Proof. (1) follows by a change of variables. (2) TODO (3) TOOD (4) Two ways to prove this:

  1. Define $g(\bx, \by) := f(\by)+ g(\bx - \by)$. This $g$ can be shown to be convex, and then using the Proposition 3 it follows that it is convex.
  2. Because of (2), we know that the lower-envelope is convex when the both functions are convex. Then the result follows.

Huber loss

Turns out that a popular (and differentiable!) Huber loss, that combines L1 and L2 penalties, can be derived using infimal convolution.

Example 1 For $f(x) = \frac{1}{2\delta} x^2, g(x) = \abs{x}, \delta > 0$, the Huber loss is exactly

\[\begin{equation} \begin{split} (f \square g)(x) = \begin{cases} \frac{1}{2\delta} x^2 & \text{if } \abs{x} \leq \delta \\ \abs{x} - \frac{\delta}{2} & \text{otherwise}. \end{cases} \end{split} \end{equation}\]

Proof. $(f \square g)(x) = \inf_w \abs{w} + \frac{1}{2\delta} (x - w)^2$. Then using the subdifferential rules (see Projected and Proximal Methods) we solve for

\[\begin{equation} \begin{split} \partial(\underbrace{\abs{w} + \frac{1}{2\delta} (x - w)^2}_{=: l(x)}) \in 0 \end{split} \end{equation}\]

as follows:

Case 1: if $w \neq 0$: then the minimization is differentiable, and we get

\[\begin{equation} \begin{split} & l'(x) = \text{sign}(w) - \frac{1}{\delta} (x - w) \overset{!}{=} 0 \\ \Rightarrow \quad & w = x - \delta \text{sign}(w) , \end{split} \end{equation}\]

Cases 1.1,1.2: break down the objective into $ w > 0$ and $ w< 0$, and get that for $w > 0 \Rightarrow x > \delta$, and for $w < 0 \Rightarrow x < \delta$.

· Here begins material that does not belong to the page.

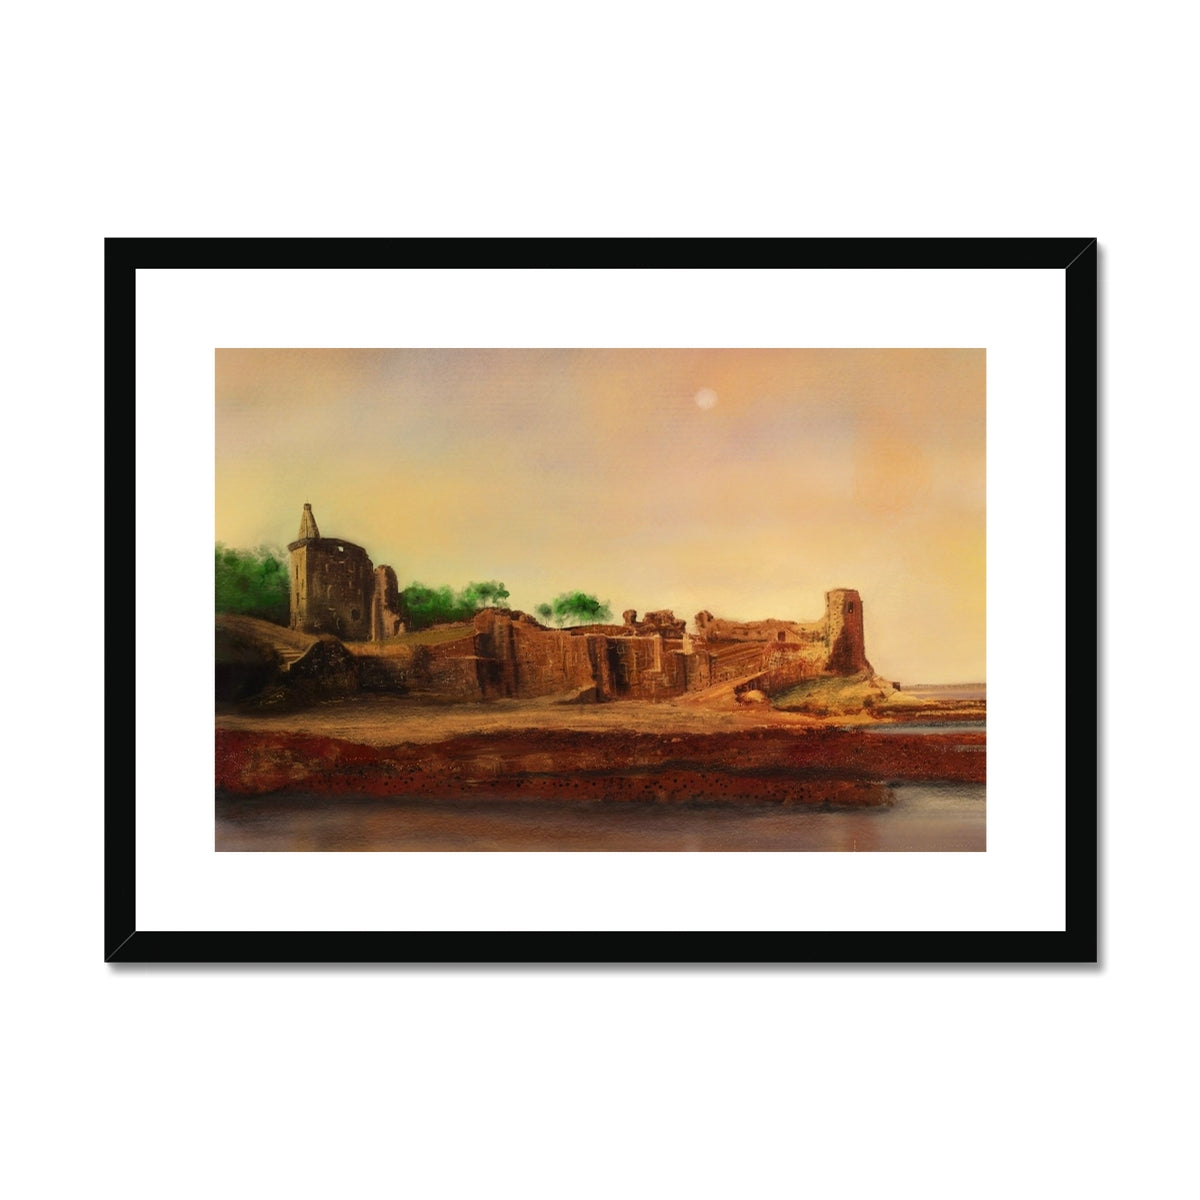 St Andrews Castle Painting | Framed & Mounted Prints From Scotland-Framed & Mounted Prints-Historic & Iconic Scotland Art Gallery-A2 Landscape-Black Frame-Paintings, Prints, Homeware, Art Gifts From Scotland By Scottish Artist Kevin Hunter

Case 2: if $w = 0$, then by Fermat’s rule we set the subgradient to be in zero:

\[\begin{equation} \begin{split} & \partial(\abs{w} + \frac{1}{2\delta} (x - w)^2) \in 0 \\ \Rightarrow \quad & [-1, 1] + \frac{1}{\delta} (-x) \in 0 \\ \Rightarrow \quad & [-\delta, \delta] + (-x) \in 0 \\ \Rightarrow \quad & x \in [- \delta, \delta], \end{split} \end{equation}\]

Putting these all together we can notice that for $w < 0$ and $w > 0$, the objective is identical, and so can be written concisely. (TODO: show this!)

Closed Convex Envelope

A concept that will become useful when dealing with optimizing dual problems with Fenchel’s daulity, is the closed convex envelope. We will see that there is a duality in between convex sets and half-spaces. This idea will be taken further, and a link between convex functions and affine linear minorants will be established.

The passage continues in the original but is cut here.